§ TASK GOAL
If a line of the data below contains the string "that", copy it into your answer.

§ DATASET RECORDS
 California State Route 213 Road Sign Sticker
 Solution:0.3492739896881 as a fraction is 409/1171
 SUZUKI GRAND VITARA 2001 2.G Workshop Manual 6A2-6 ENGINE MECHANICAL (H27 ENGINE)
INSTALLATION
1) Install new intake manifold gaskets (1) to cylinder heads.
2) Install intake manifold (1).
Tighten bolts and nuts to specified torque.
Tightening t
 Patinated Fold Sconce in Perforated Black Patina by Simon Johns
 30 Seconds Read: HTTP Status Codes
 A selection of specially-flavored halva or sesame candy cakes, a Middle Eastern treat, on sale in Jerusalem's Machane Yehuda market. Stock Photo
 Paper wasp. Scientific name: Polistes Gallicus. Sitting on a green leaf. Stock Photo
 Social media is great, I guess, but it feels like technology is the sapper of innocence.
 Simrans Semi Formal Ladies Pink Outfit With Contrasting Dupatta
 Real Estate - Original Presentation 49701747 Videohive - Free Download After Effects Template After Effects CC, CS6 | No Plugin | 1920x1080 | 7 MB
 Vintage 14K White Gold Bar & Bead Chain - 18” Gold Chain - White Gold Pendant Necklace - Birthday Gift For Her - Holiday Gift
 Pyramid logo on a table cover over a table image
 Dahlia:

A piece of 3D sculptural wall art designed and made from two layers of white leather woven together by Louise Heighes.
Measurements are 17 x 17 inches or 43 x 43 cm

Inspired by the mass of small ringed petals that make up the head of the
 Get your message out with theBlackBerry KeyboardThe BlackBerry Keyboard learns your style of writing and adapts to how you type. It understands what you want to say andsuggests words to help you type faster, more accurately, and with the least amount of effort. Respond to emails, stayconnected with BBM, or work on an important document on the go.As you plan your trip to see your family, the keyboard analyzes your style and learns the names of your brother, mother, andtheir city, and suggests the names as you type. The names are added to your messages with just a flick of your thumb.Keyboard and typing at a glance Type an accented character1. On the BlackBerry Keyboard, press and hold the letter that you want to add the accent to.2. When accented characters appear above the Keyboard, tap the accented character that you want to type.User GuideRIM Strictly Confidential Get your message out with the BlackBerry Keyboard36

§ SOLUTION TO THIS TASK
Inspired by the mass of small ringed petals that make up the head of the
 Get your message out with theBlackBerry KeyboardThe BlackBerry Keyboard learns your style of writing and adapts to how you type. It understands what you want to say andsuggests words to help you type faster, more accurately, and with the least amount of effort. Respond to emails, stayconnected with BBM, or work on an important document on the go.As you plan your trip to see your family, the keyboard analyzes your style and learns the names of your brother, mother, andtheir city, and suggests the names as you type. The names are added to your messages with just a flick of your thumb.Keyboard and typing at a glance Type an accented character1. On the BlackBerry Keyboard, press and hold the letter that you want to add the accent to.2. When accented characters appear above the Keyboard, tap the accented character that you want to type.User GuideRIM Strictly Confidential Get your message out with the BlackBerry Keyboard36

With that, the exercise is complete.